Lightning speared the horn base where obsidian plate met internal conduit. A sharp crack, then a red pop—the power channels shorted. The scythe's aura sputtered. Varathul hit one knee again.

"Finish it!" Lucien shouted.

"No," Seryn snapped back. "He's baiting."

The commander jammed the scythe into the ground; the shaft erupted into four shadow spikes. The barrier buckled but held. Rurik smashed one spike; shards rattled off his gauntlet.

Seryn jogged to the colonnade, fished a small ceramic vial from his pouch—label half-peeled: "Oily Flame – Short Delay." He lobbed it; the vial shattered along Varathul's rib crack and seeped into the plates.

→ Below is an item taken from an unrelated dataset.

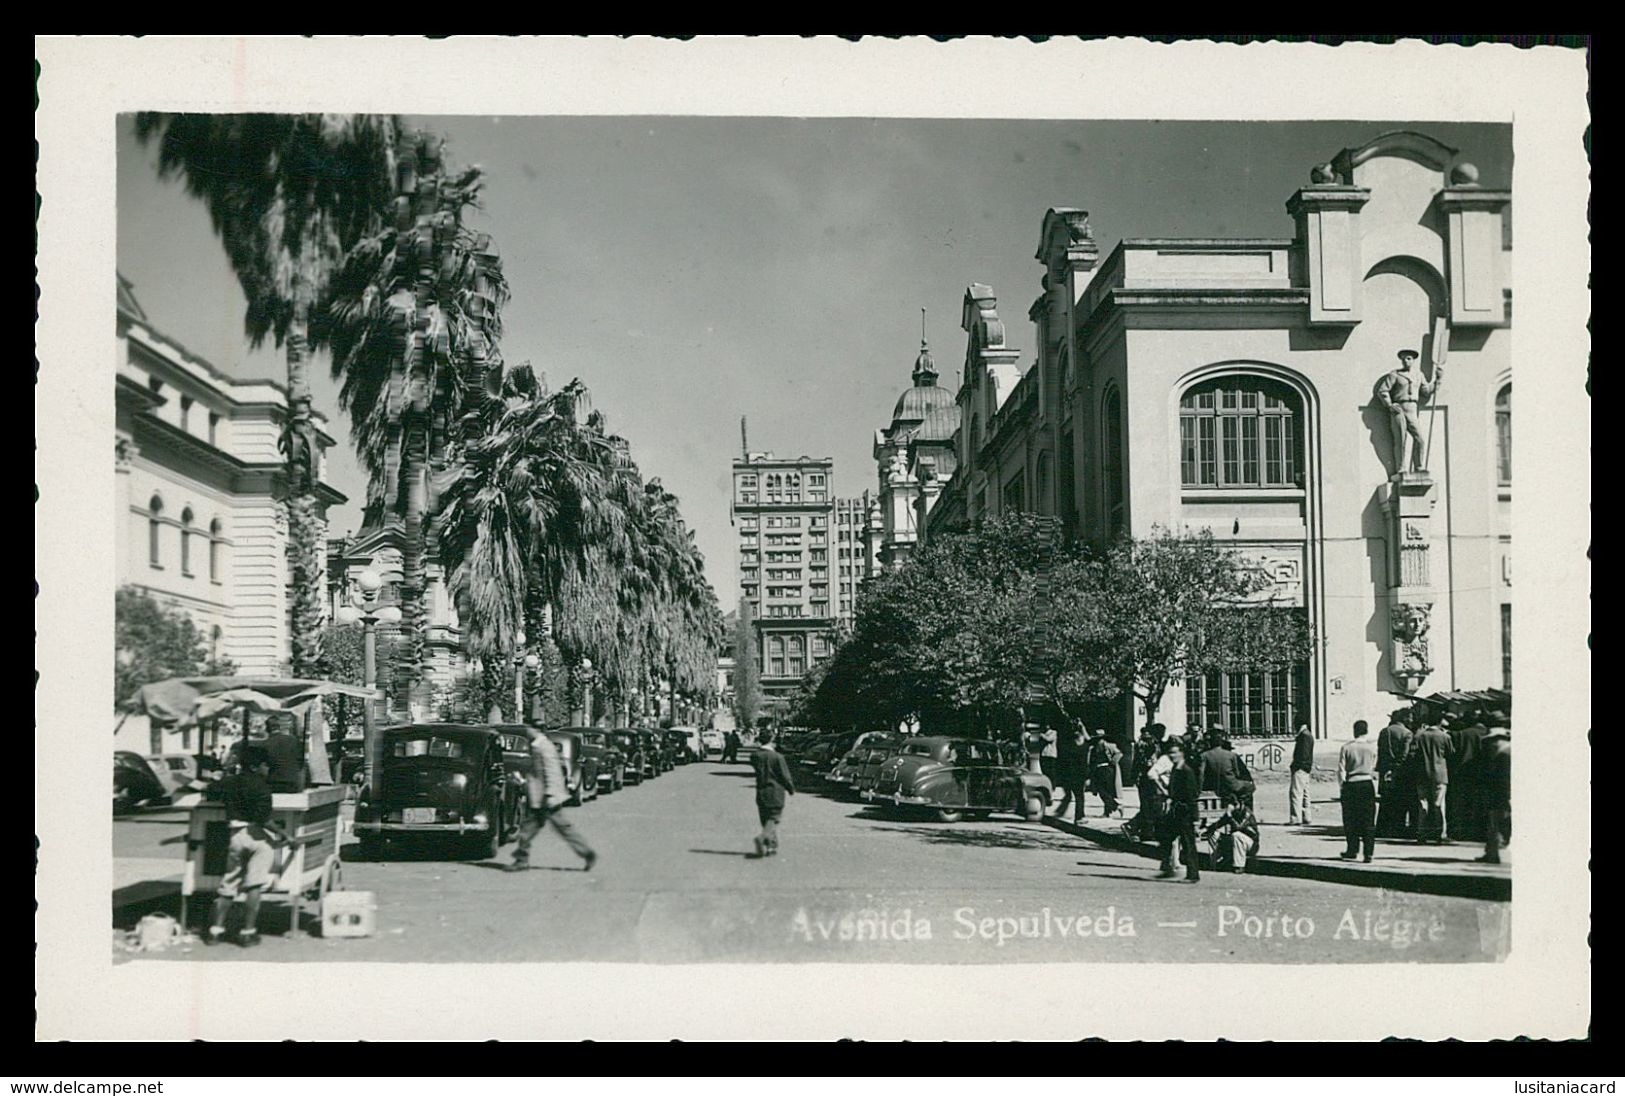 PORTO ALEGRE - Avenida Sepulveda.  Carte Postale - Porto Alegre

"Leon, low voltage—spread ignition!"

A modest spark. The oil laced into the cracks and lit along a thin blue-orange line. Not a killing burn—a persistent drain. Exactly what a B-class commander hated.

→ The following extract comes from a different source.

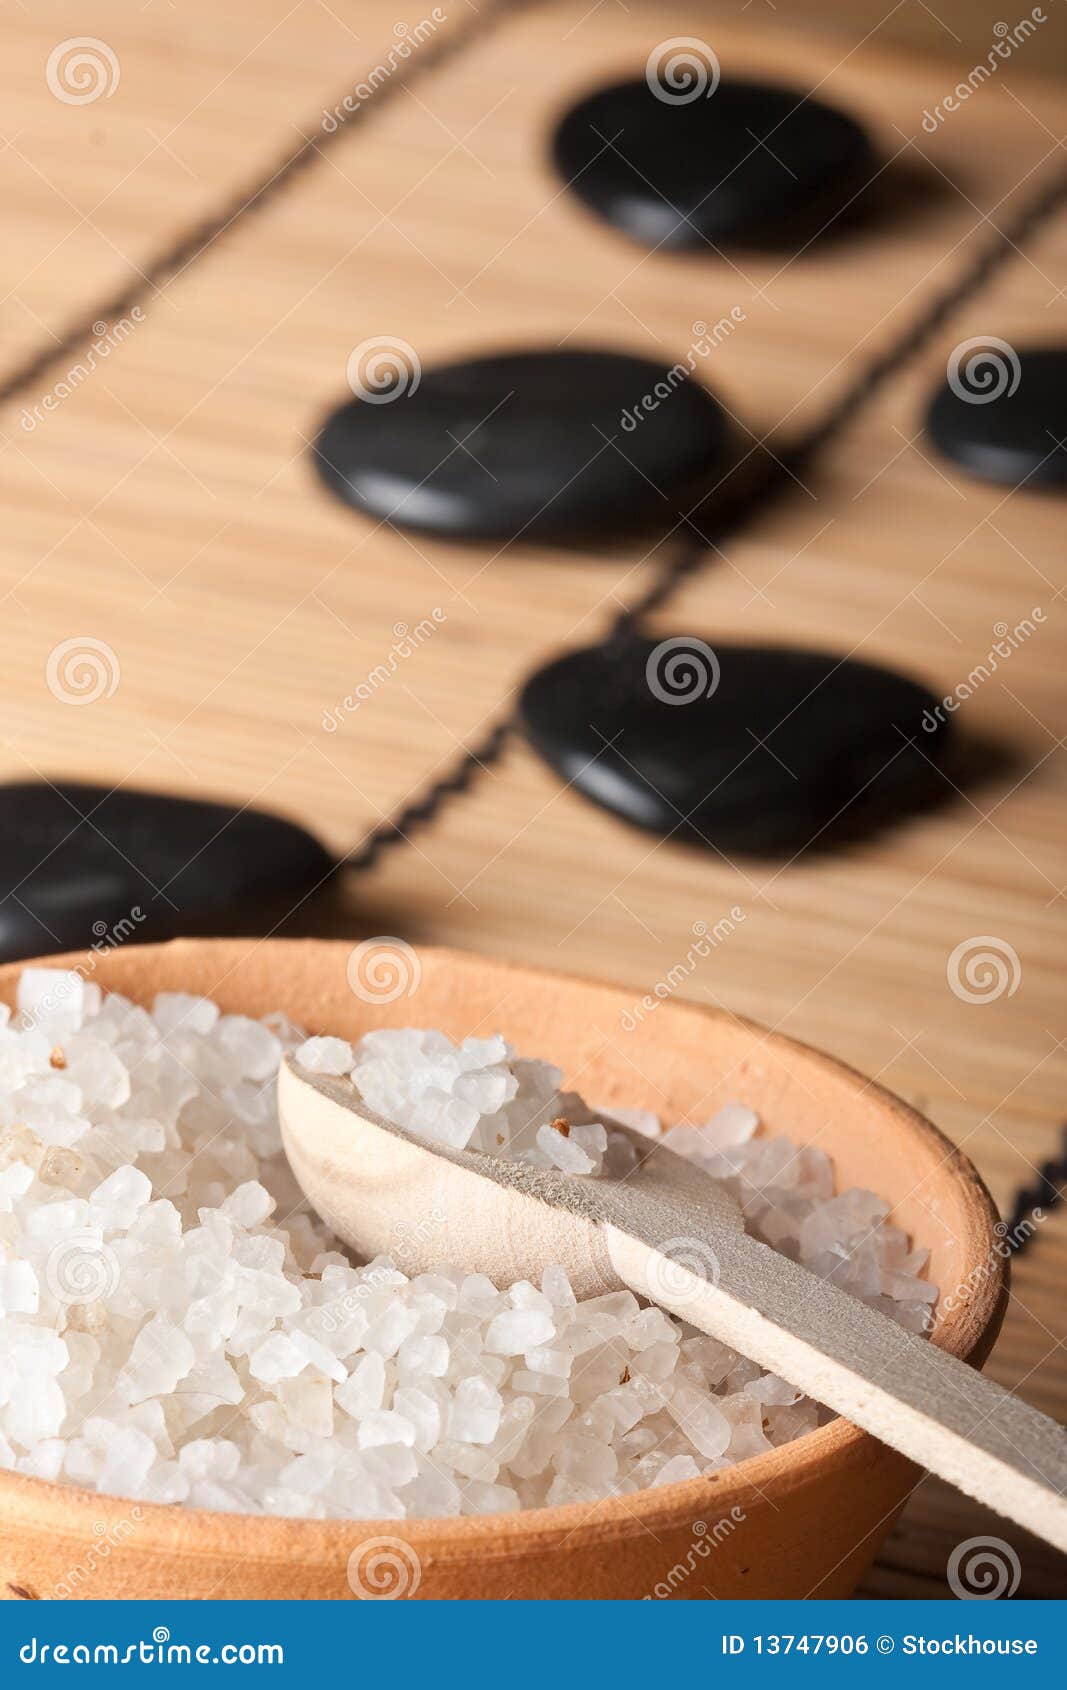 aromatic salt in stone bowl

Varathul snarled. Chains rose again, slower this time. Lucien used the window—low cut to the knee, Rurik followed on the same beat, the crack widened.

Seryn counted in his head: Three more clean exchanges. Then he retreats or calls.

A horn sounded from the west. Kaelor strode in, Bone Reaver split in half behind him. To the south, Seralis opened a corridor of flame; a handful of temple battle-priests sprinted through with spears rimmed in holy light.

"Reinforcements!" Mira shouted.

Varathul looked up; the rift shivered. For a heartbeat it narrowed, then stretched wider. The commander understood the field was shifting. He swept a repulse wave; Seryn, Lucien, Rurik, and Elira slid one step back.

"He's disengaging," Seryn said. "Not fleeing—repositioning."

Varathul fell behind a fresh legion screen and wove a shadow shell with the remaining Hellbinder residue. He raised the scythe toward the rift; huge, four-armed Gravemauls thudded down from above—heavy shield-hammer infantry, B- to C-peak brutes born to press lines.

"It never ends," Lucien muttered.

"It won't," Seryn answered. "But it's cracking."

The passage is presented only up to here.